However, there are not many studies related to vaccine concept normalization. Abeysinghe and his research fellows proposed a semi-automated lexical approach to audit vaccine mappings in the Observational Medical Outcomes Partnership (OMOP) vocabulary [58]. They defined mapped and unmapped vaccine pairs, in which mapped vaccine pairs refer to vaccine concepts with a “Map to” relationship; conversely, unmapped vaccine pairs indicate those without a “Map to” relationship [58]. They derived term-difference pairs (e.g., name difference) for mapped and unmapped vaccine pairs based on the representation of each vaccine concept [58]. It would be recognized as a potential mapping inconsistency stemming from the same term-difference pair obtained by both mapped and unmapped vaccine pairs [58]. Miftahutdinov and his colleagues introduced a two-stage neural approach for MCN of diseases and drugs, which originates from BERT [20]. In the training stage, they optimized the relative similarity of mentions and concept names from the ontology by triplet loss, whereas the closest concept name representation in a common embedding space to a given mention representation is obtained in the inference stage [20]. However, their model is dependent on concept names in the terminology used at the inference stage, and additionally, the model does not take into account parent-child relations inherent to the biomedical lexicon [20]. Nonetheless, there still has been no research conducted on standardizing the names of vaccines from clinical trials to align with the VO.
Therefore, the objective of this study is to map VO ontology from vaccine names extracted from clinical trials. The ranking process in concept normalization involves prioritizing and ordering potential concepts to identify the most suitable match for a given context, aiding accurate information retrieval and classification. We developed a cascaded framework that utilized various sources of domain knowledge, including clinical trials, UMLS, and VO, to improve the performance of domain-specific language models for automated mapping of Vaccine Ontology from clinical trials. We conducted a ranking of the Top 10 concepts. The experimental results consistently demonstrated that our proposed cascaded framework outperformed existing baselines in terms of vaccine mapping, achieving an accuracy of 71.8% for the top 1 candidate and 90.0% for the top 10 candidates.
This paper is organized as follows.

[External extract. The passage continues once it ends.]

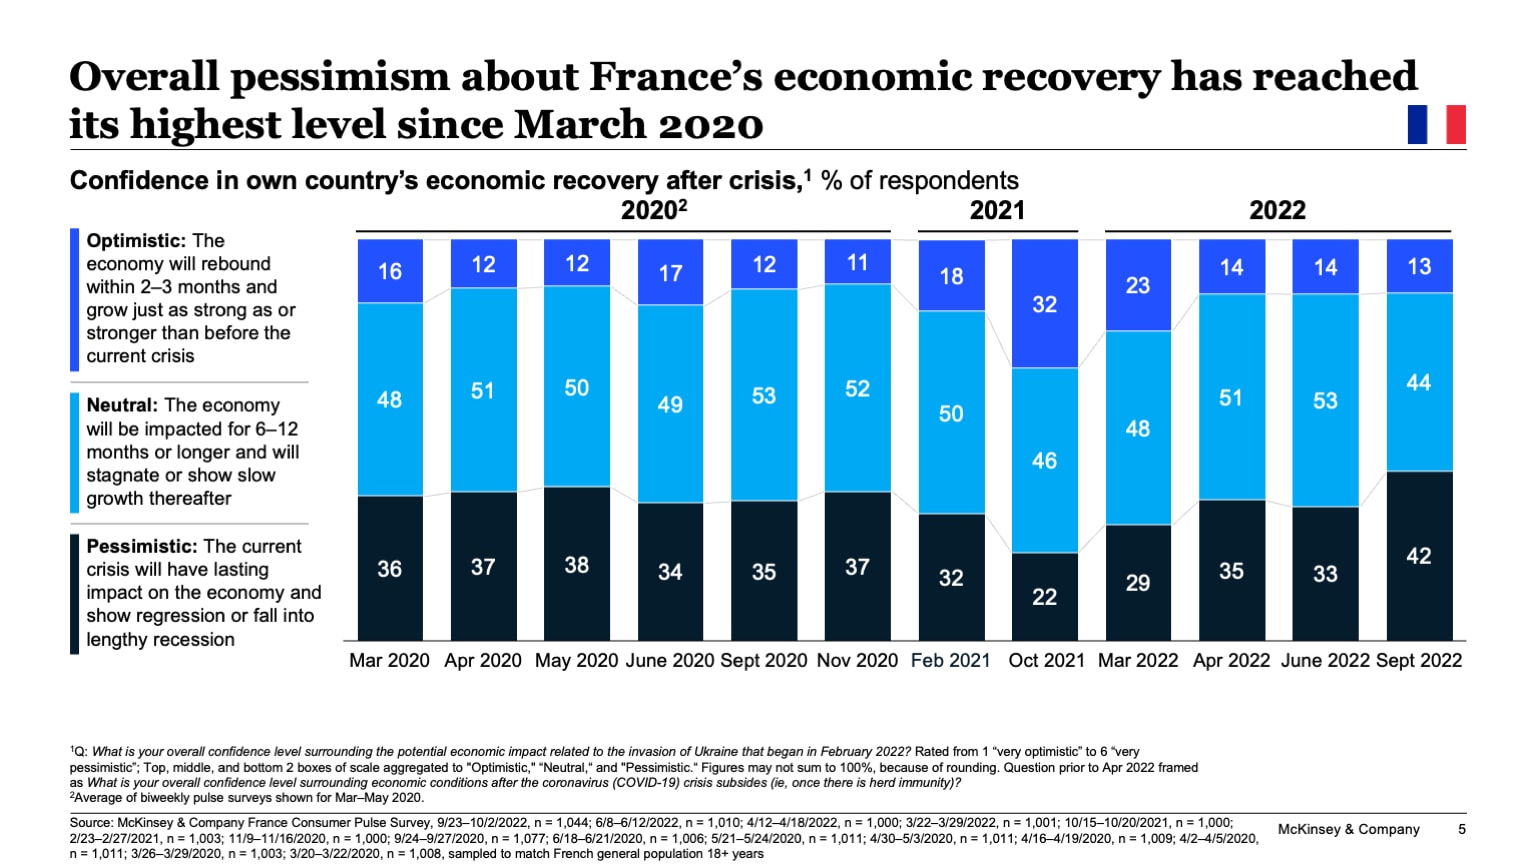 Overall pessimism about France’s economic recovery has reached its highest level since March 2020

The overview of the study, the introduction to the datasets and the description of the proposed model, and the experiment setup are included in the Method section. Experiment results are included in the Results section. Discussion and Limitation section covers the discussion of our results, error analysis, and limitations of our study. Finally, we summarized our contributions and suggested directions for future study in the Conclusion section.
Methods
Project design and workflow
Figure 1 illustrates an overview of the proposed cascaded framework. Our study aimed to enhance the performance of domain-specific language models for automated mapping of Vaccine Ontology from clinical trials by leveraging multiple knowledge sources, including clinical trials, UMLS, and the VO. Our methodology commenced with the extraction and annotation of data from diverse sources. Subsequently, we conducted pre-training on the PubMedBERT model, resulting in the development of CTPubMedBERT. To further improve CTPubMedBERT, we incorporated SAPBERT, leading to the creation of CTPubMedBERT + SAPBERT. Through fine-tuning using the VO corpus and vaccine data from clinical trials, we achieved further refinement. We then employed a weighted rule-based ensemble method to enhance the accuracy of the vaccine normalization process by aggregating the knowledge and insights from these fine-tuned domain-specific language models.

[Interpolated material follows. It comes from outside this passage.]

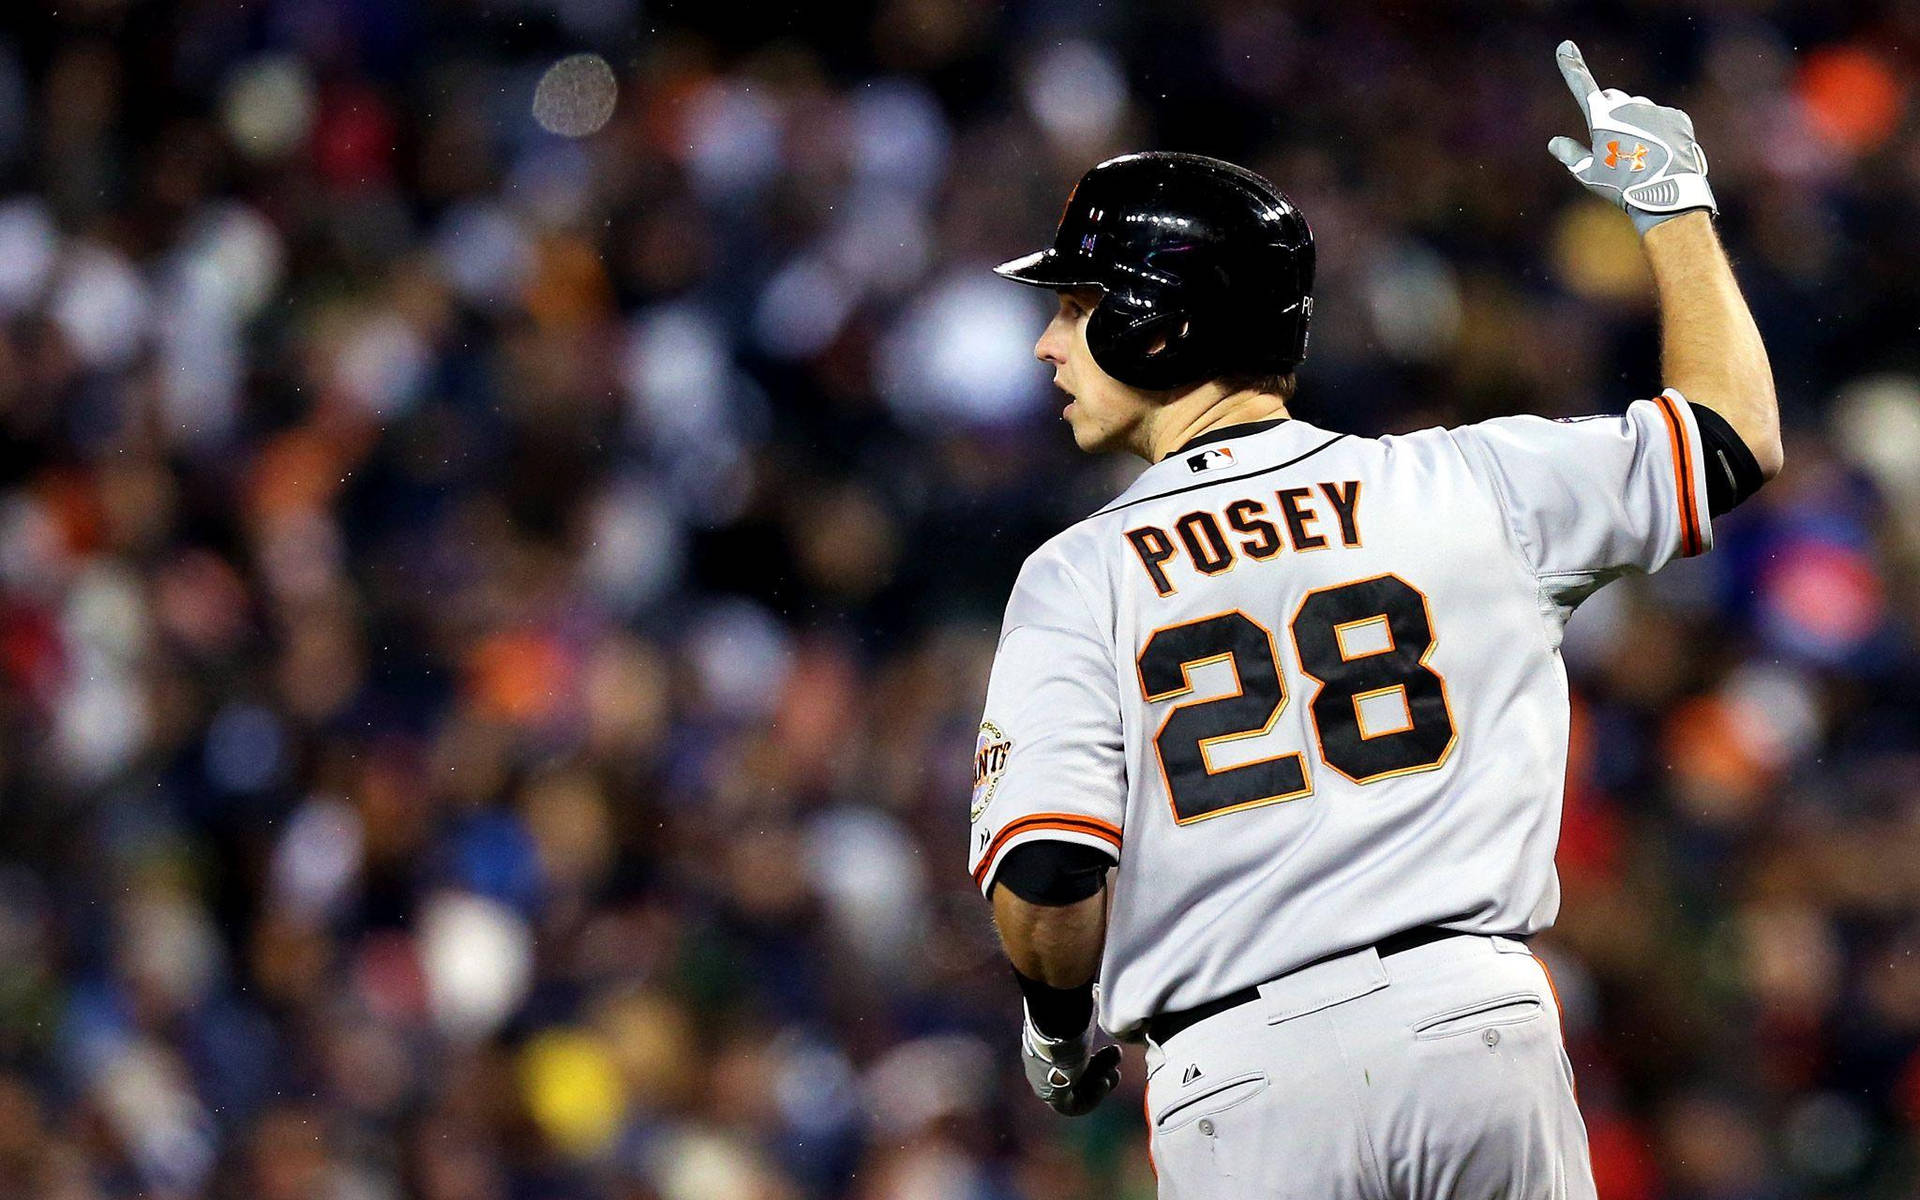 100+] Buster Posey Wallpapers

Dataset & data extraction and processing
We obtained the data for our study from three domain knowledge sources: VO [11], UMLS [59], and the AACT database [60].
We downloaded the VO ontology [11] directly from the official website at http://purl.obolibrary.org/obo/vo.owl. This ontology was to establish a standardized vocabulary and collection of concepts that describe the different components, properties, and interactions of different vaccines. It includes both vaccine and non-vaccine terms. To create a reference vocabulary specifically for mapping purposes, we manually filtered out the non-vaccine names from the VO ontology, ensuring that only vaccine-related terms remained.
Clinical trial data was extracted from the AACT database. We downloaded “20230109_clinical_trials.zip” from the Aggregate Analysis of ClinicalTrials.gov (AACT) Database [61]. The downloaded dataset can be accessed through the open-source database system like PostgreSQL [62]. The intervention table (named “interventions”) consists of 745,137 record items which contain the vaccine names we intend to obtain. Due to the absence of specific flags in clinical trials to distinguish interventions as vaccines, we employed two string-matching queries to extract vaccine names. In the initial query, we searched for each vaccine term in VO and gathered vaccine names from the interventions that contained the respective vaccine term, using query (1). To ensure uniqueness when a single intervention was matched to multiple VO terms, we applied a Term Frequency-Inverse Document Frequency (TFIDF) string-similarity matcher [63]. In the second query, we recognized that some interventions might not directly include the vaccine term but could contain relevant keywords like “vaccine”. To capture such cases, we utilized query (2) to extract additional vaccine names from the intervention table. Subsequently, the results from both queries were combined, and any duplicate names were filtered out. This comprehensive approach aimed to maximize the identification and extraction of vaccine names from the clinical trial data, despite the lack of explicit indications.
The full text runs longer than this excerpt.